Wander around the city’s Old Jewish Quarter
The Jewish Quarter is one of Girona’s most symbolic neighbourhoods. Located in the Força Vella, a mighty fortress built by the Romans in the 1st century BC, it comprises narrow cobbled streets, secret archways and tunnels, as well as secluded patios. One of the best preserved Jewish quarters in the world, it shouldn’t be missed.
Look up in amazement at Girona Cathedral
Sitting atop a throne of 91 stone steps, Girona Cathedral towers over the city and sits within the centre of the Força Vella. It was built between the 11th and 18th centuries, and today features a variety of architectural styles including a Romanesque cloister and an elegant Baroque façade. The cathedral is also home to the widest Gothic nave in the world at 23 metres.
Catedral de Girona, Plaça de la Catedral, Girona, Spain +34 972 42 71 89
Visit the Ancient Arab Baths
An imitation of the Medieval Moslem baths, the Romanesque Banys Àrabs in Girona date all the way back to the 12th century. Visitors can still go inside and visit the various rooms, which include a changing room with octagonal pool, cold room, warm room and caladium or steam bath.
Banys Àrabs, Carrer de Ferran el Catòlic, Girona, Spain +34 972 19 07 97
Marvel at the colourful houses along the River Onyar
There’s no view more photogenic in Girona, than the multi-coloured houses lining the sides of the River Onyar. Think mustard and sunflower yellows, crimsons, Seville oranges and burnt tangerines; intersected by bridges, one of which, the Vermelles Bridge, was built by the Eiffel company in 1827.
‘Take Action’ at the Cinema Museum
Dedicated to the world of the moving image, the Girona Cinema Museum was the first of its kind in Spain when it opened in 1998. The majority of objects belonged to the Tomàs Mallol collection of pre-cinema and cinema objects, comprising approximately 20,000 pieces. The objects date from the mid-seventeenth century to 1970 and include Chinese theatrical lanterns and shadow puppetry, optical boxes, 98 cameras plus images from children’s films.
Take a wander around the Girona Art Museum
Housed in the old Episcopal Palace, the museum features one of the most important collections of Romanesque and Gothic art in Catalonia. As well as these two styles, visitors will be able to see Roman, Renaissance, Baroque, Realism and Modernisme. Don’t forget to take your eyes off the art to look around at the palace too – your tour will take you through the throne room, the Episcopal prison, and the Bishop’s Chapel.
Walk the Passeig Arqueològic
The Passeig Arqueològic follows the city’s ancient medieval walls, some of which are the longest sections of Carolingian walls in Europe, built during the 9th century. Along the way visitors will be able to enjoy spectacular city views, the old Arabic Baths and tranquil leafy gardens.
Dine in one of the world’s best restaurants – El Celler De Can Roca
Winner of ‘World’s Best Restaurant’ in 2013 and 2015, El Celler de Can Roca is still top of its game and has three Michelin stars.
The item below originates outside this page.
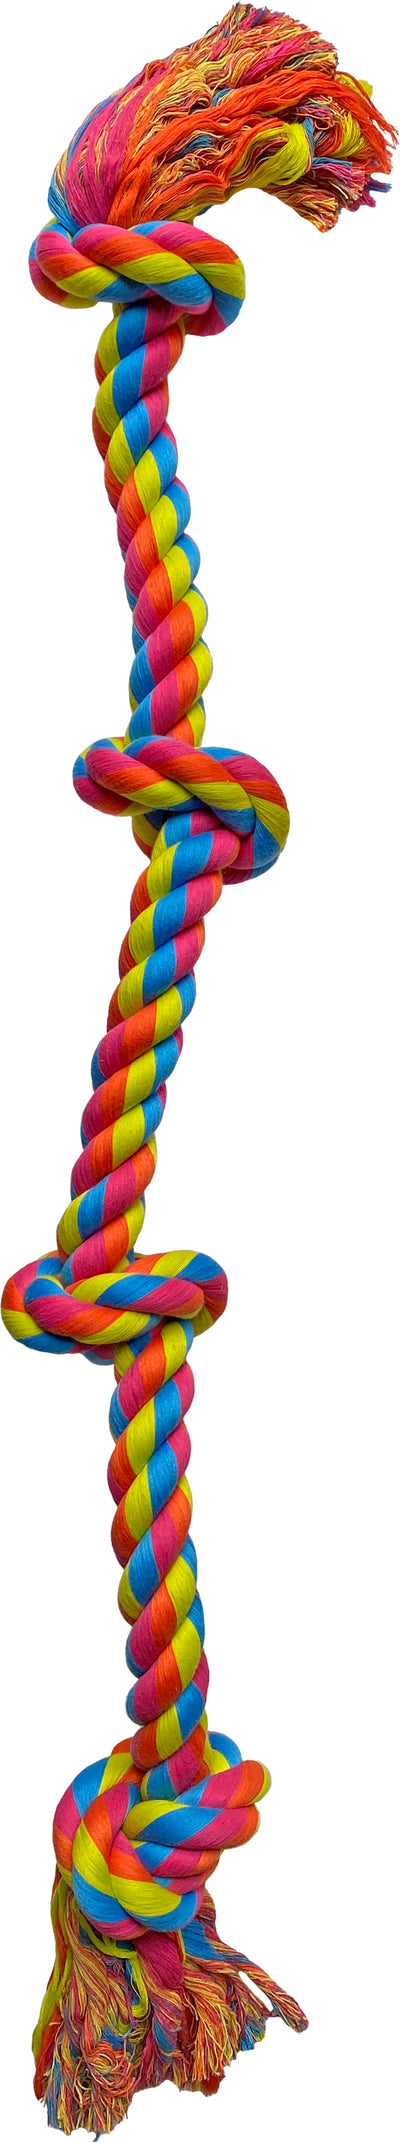 4 Knot Extreme Rope Rainbow

Currently at number two on the list, it’s run by the Roca brothers and serves up creative and innovative dishes, but always with classic Catalan home cooking at its core. If you plan on going to Girona and want to dine here, be prepared to put your name on the waiting list up to 11 months in advance.
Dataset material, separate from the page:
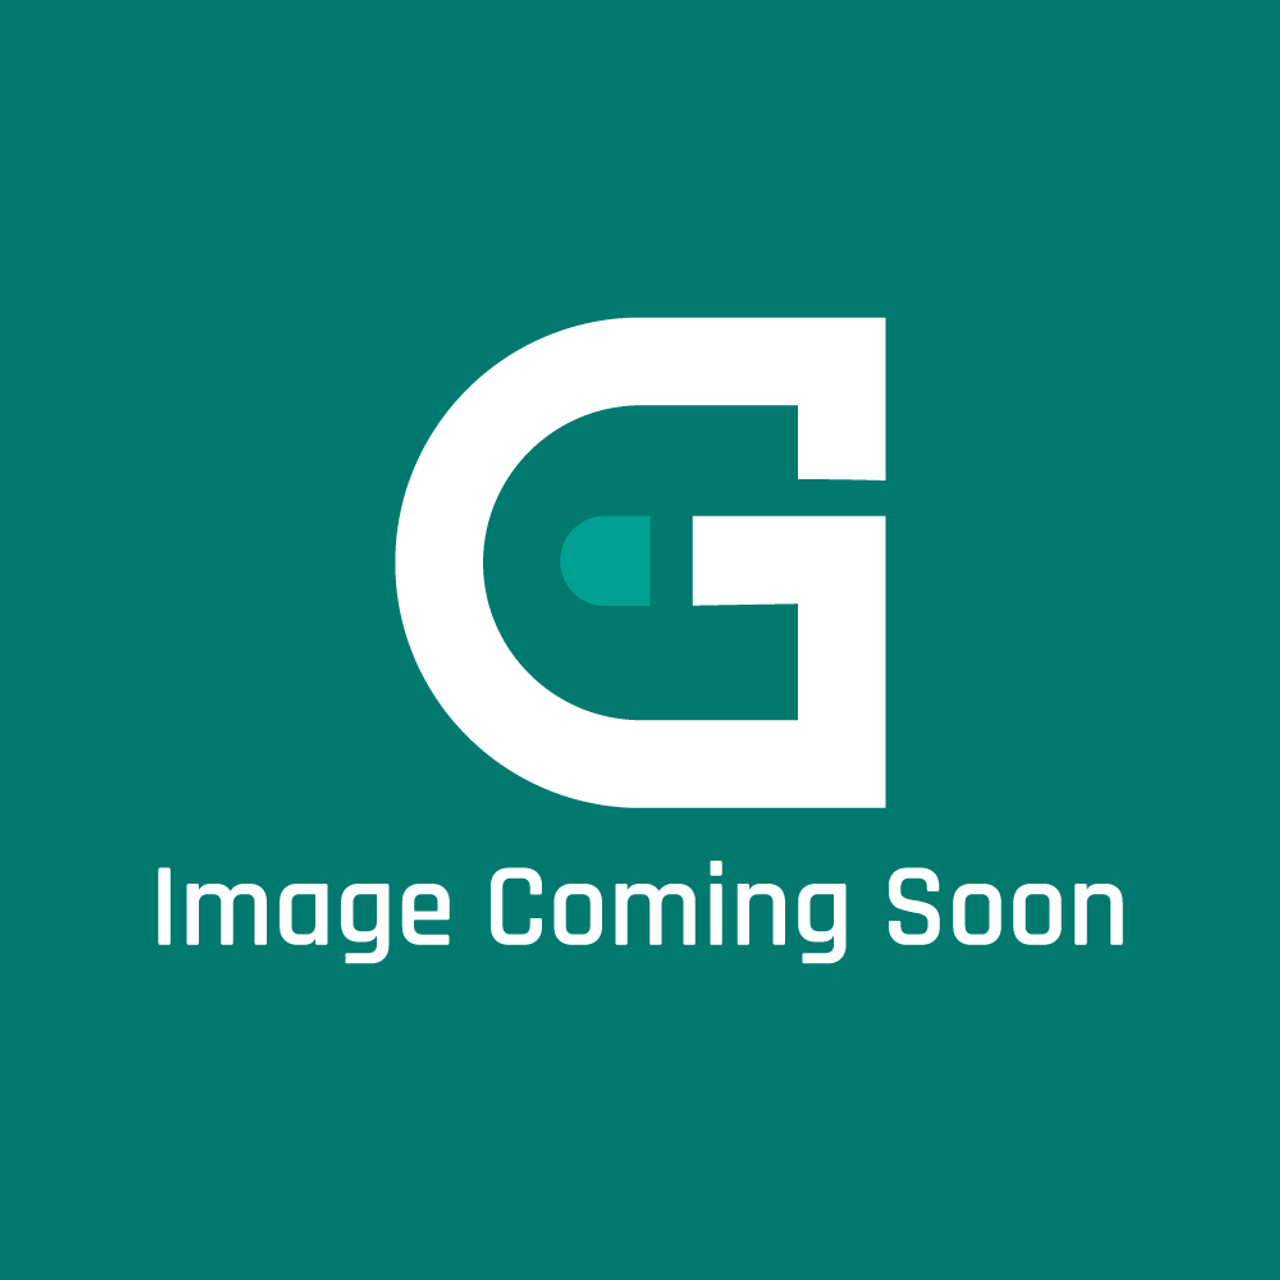 GE Appliances WX05X20641 - SERVICE KIT BELT TOOL - Image Coming Soon!

Learn all about the origins of the city at the Girona History Museum
The Girona History Museum takes visitors on a journey from the city’s beginnings to its modern day, tracing its history back from the first human remains found in the area, to the founding by the Romans, the medieval period and through to the 19th century, the Civil War, the Franco dictatorship and beyond. There is a room dedicated to the Spanish Civil War, as well as one that looks at Girona’s culture such as the traditional sardana dances and cobla bands. The building itself is also worth a look, containing remnants of a late 2nd century or early 3rd century Roman wall.